Append rows in pentaho data integration

#APPEND ROWS IN PENTAHO DATA INTEGRATION HOW TO#
#APPEND ROWS IN PENTAHO DATA INTEGRATION SOFTWARE#

#APPEND ROWS IN PENTAHO DATA INTEGRATION SOFTWARE#

Now, most open source software starts with this realization: “There has got to be a better way!” This is no different… Pull out hair (not an option in my case).Ignore the problem, it’s clearly too hard to do.

It’s probably something along those lines. A senior ETL consultant (with evil tendencies) will try to convince the customer that the requirement is “ off scope” or shift it to the next “iteration”.

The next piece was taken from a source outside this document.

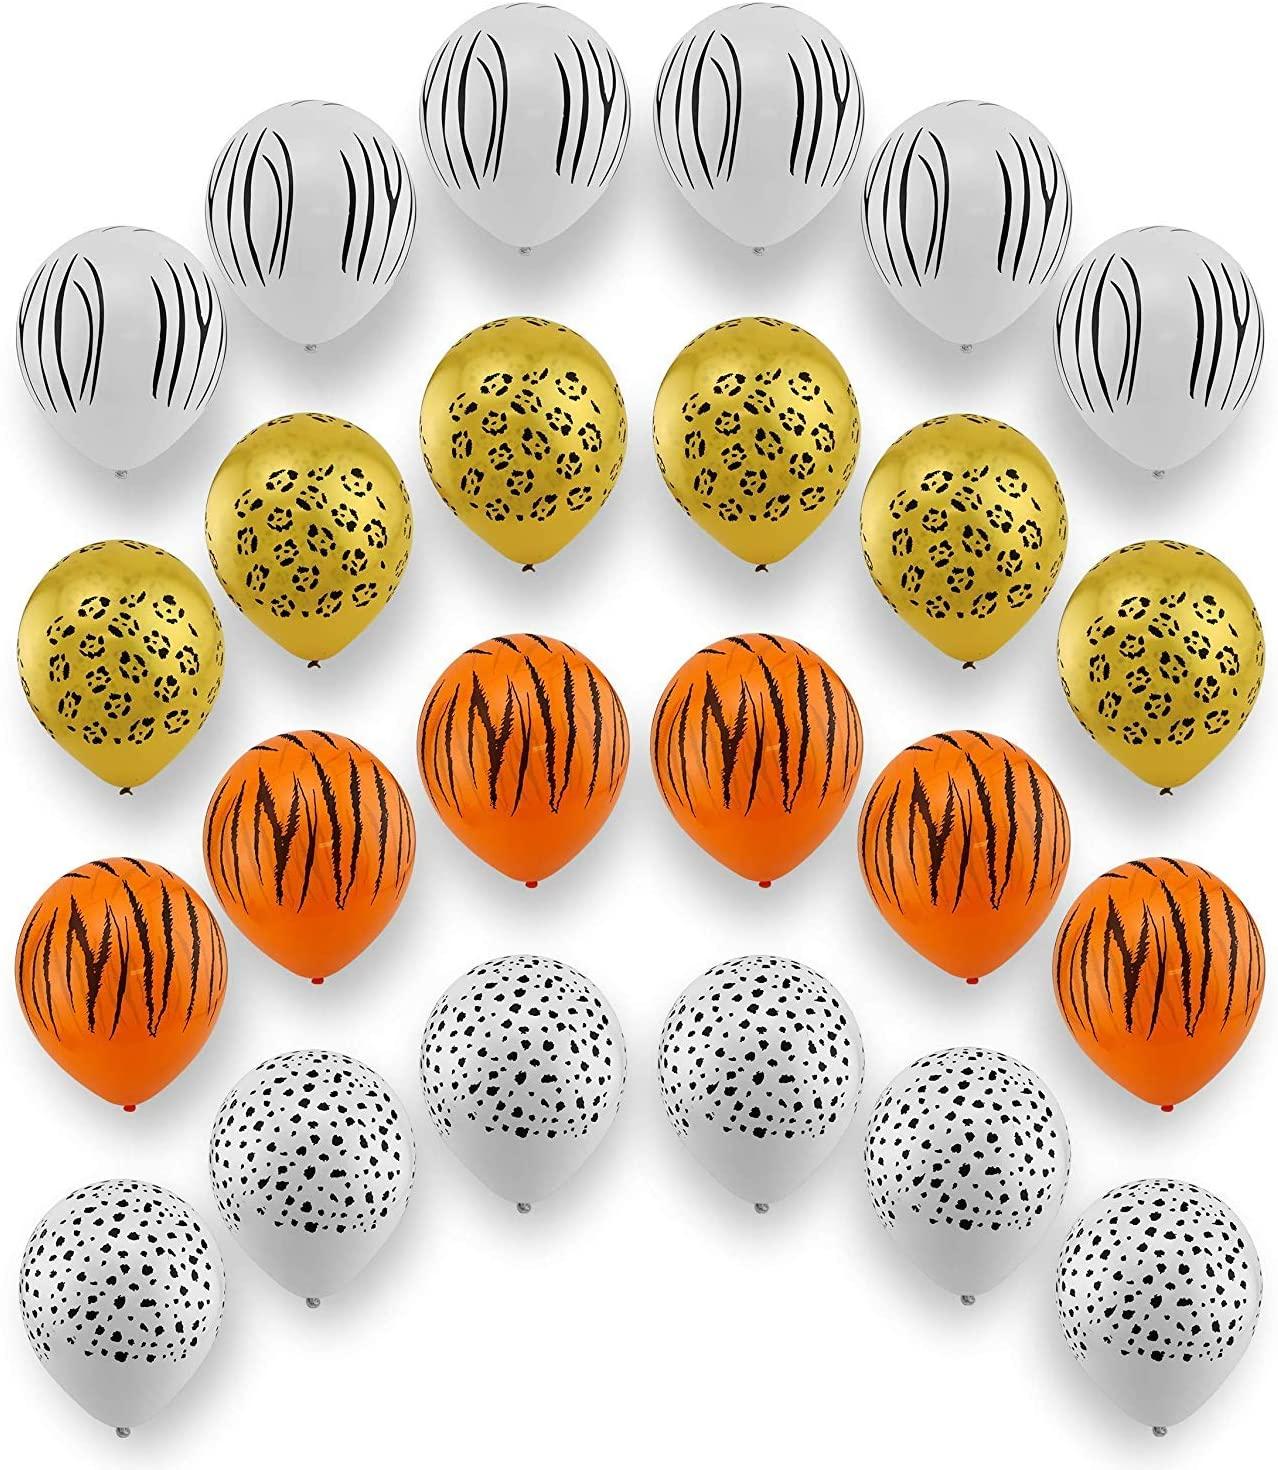 24 Pack Jungle Safari Animal Balloons Safari Zoo Animals Party Supplies Jungle Birthday Party Birthday Decorations

#APPEND ROWS IN PENTAHO DATA INTEGRATION HOW TO#

The ones having heard of the PDI “Split Field to rows” step might know (from our forum) how to solve the problem by reading the whole line and by splitting it into un-pivoted form with a wad of JavaScript.

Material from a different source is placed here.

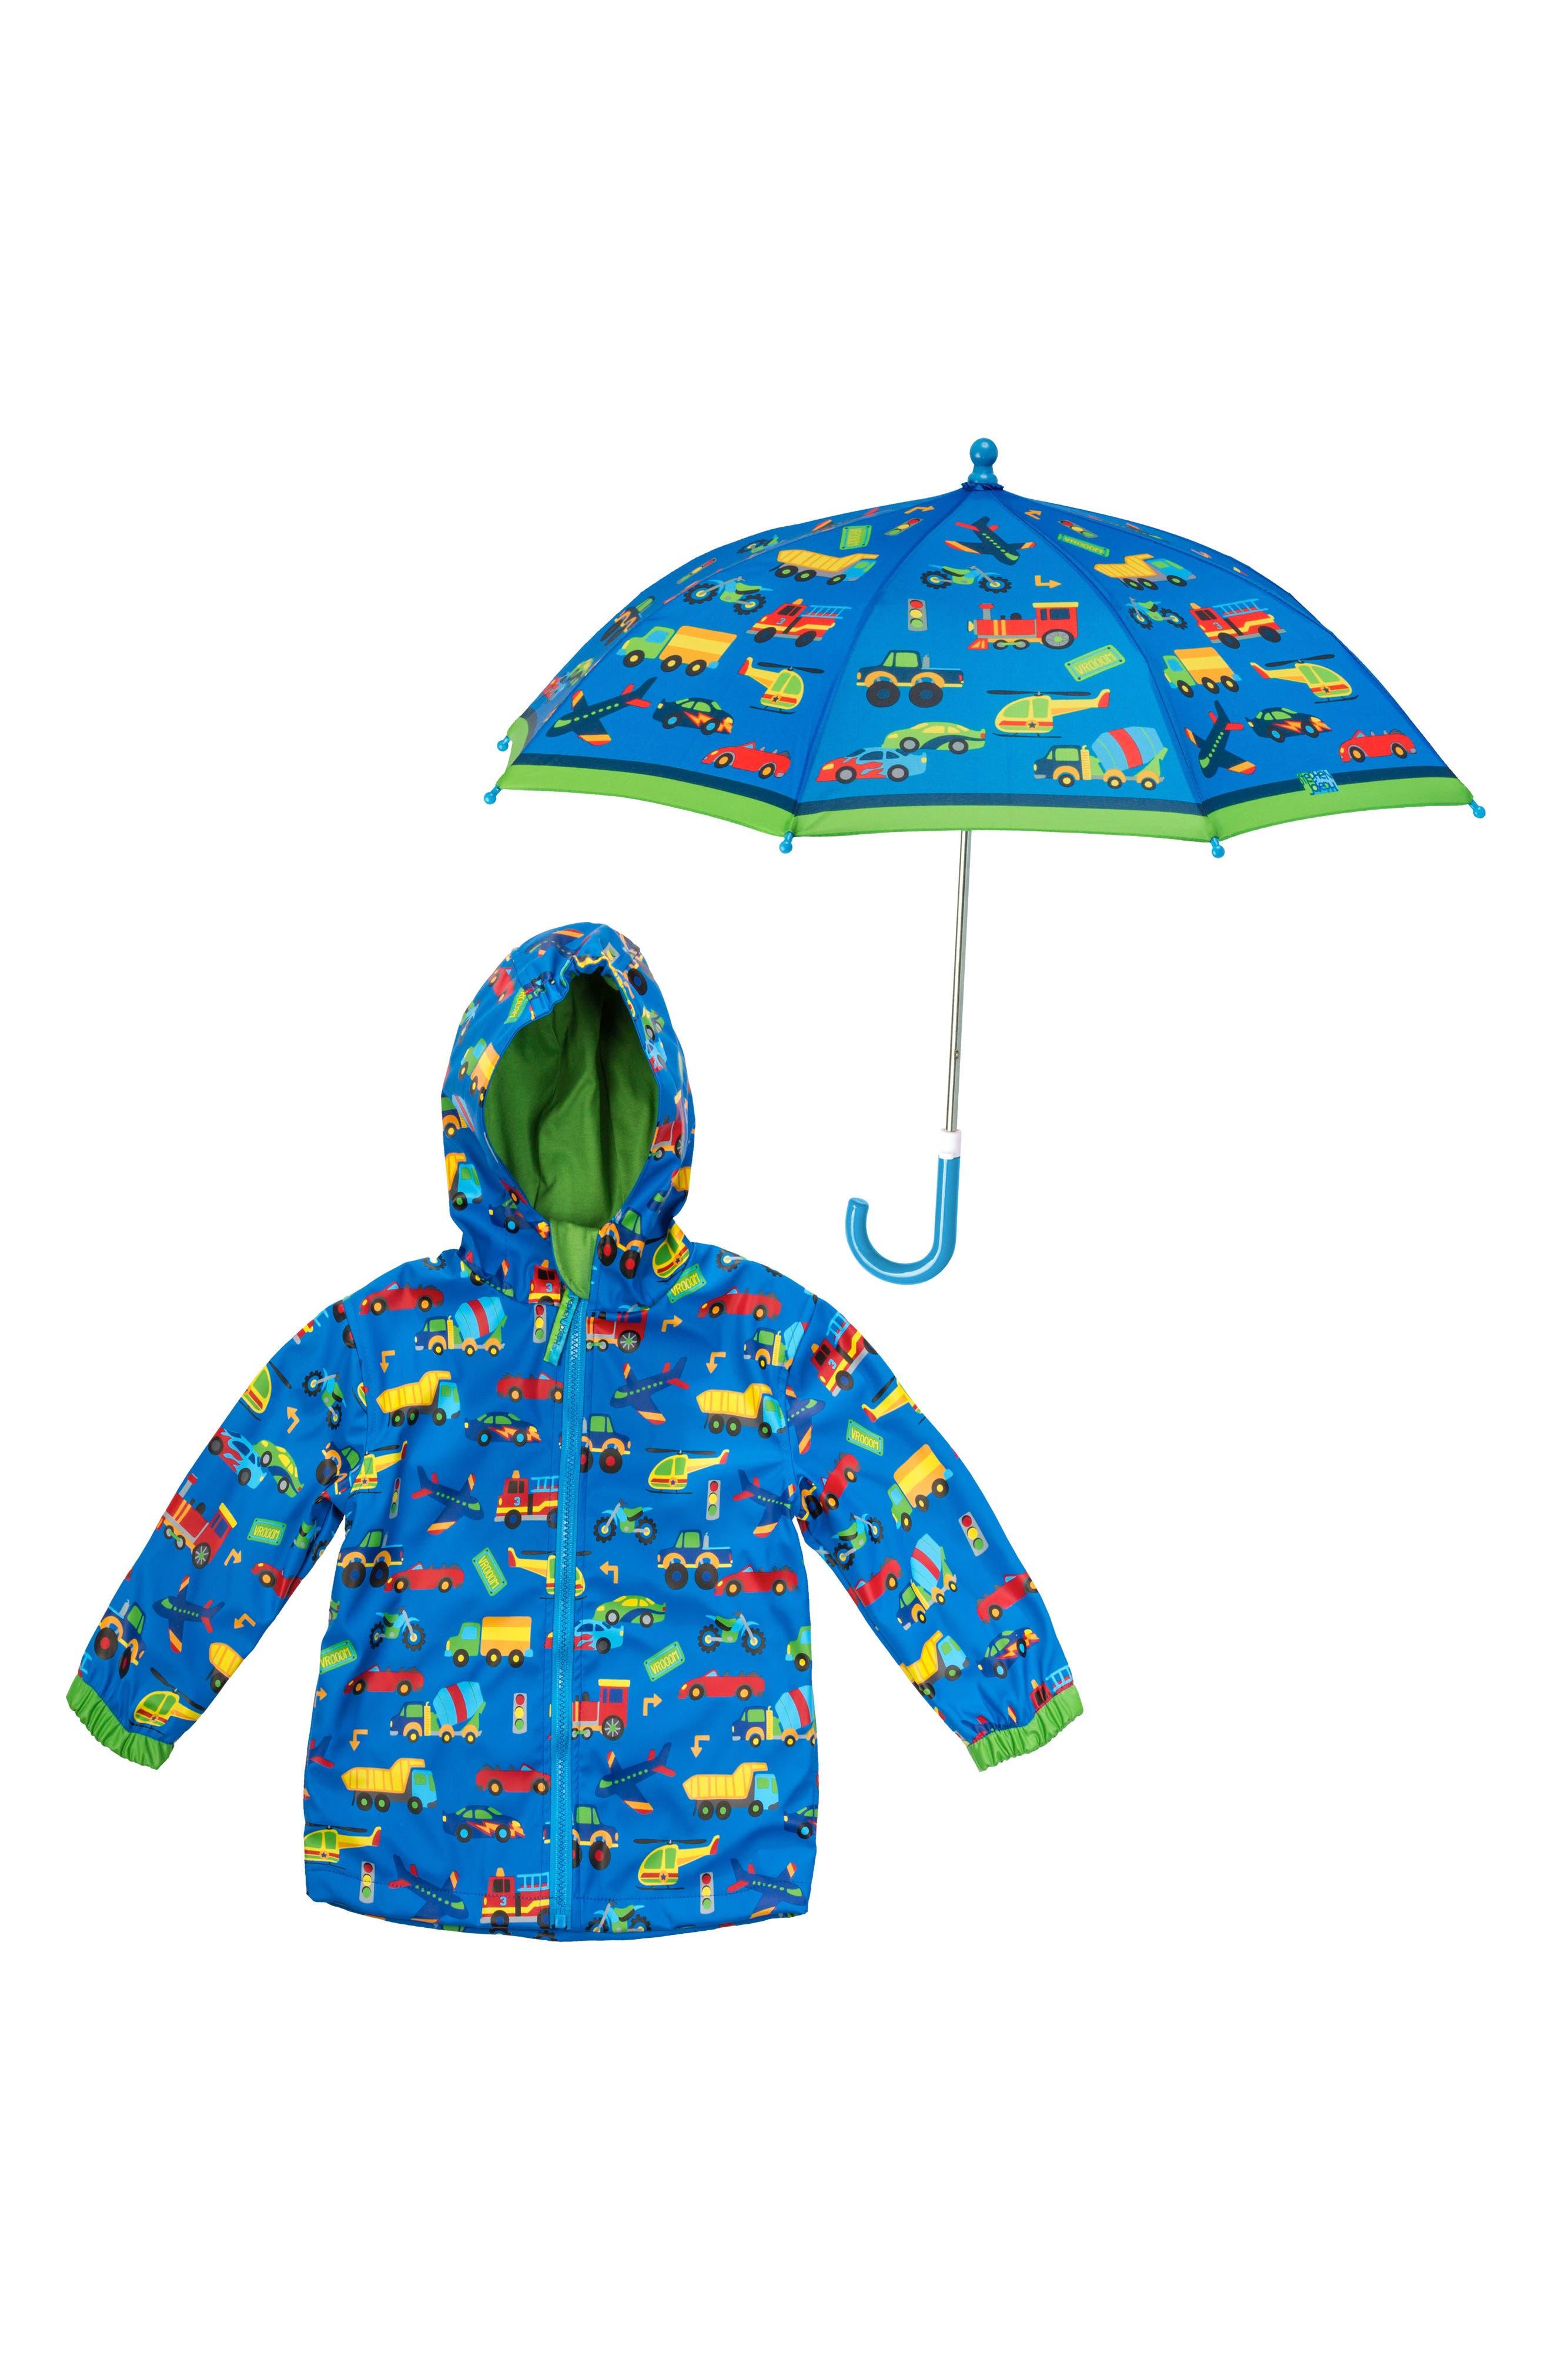 Toddler Boys Stephen Joseph Raincoat  Umbrella Set

Ask the file to be delivered in CSV file format so that some clever Perl-Python-JavaScript-Ruby-awk-bash script can be applied to the problem… Days will be spent by the customer to convert the file and weeks to get the script right, to debug and maintain that.

Days will be spend convincing and acquiring this data… when in fact it’s already there.

Convince the customer that this is a “ bad file” and that the un-pivoted source data is needed.

Once at this point any serious ETL consultant will be doing one of the following: Again, to be able to do that, we need to know the exact layout of the file. We also need to un-pivot or normalize the data. In order to do that, we need to actually know the layout of the spreadsheet before we do the ETL. So we actually want to only get 3 columns from this spreadsheet: The product code, the date of sales and the number of goods sold (the metric). Databases don’t support tables with varying number of columns. Surely, this can’t be too hard to read in by an ETL tool, right? You just want to load this data into a database somewhere and be done with it. In short: this spreadsheet will look different all year round. In our sample that means: no weekend days are present in the spreadsheet. Not all dates are listed however, that would too simple, only days on which products were actually sold are listed.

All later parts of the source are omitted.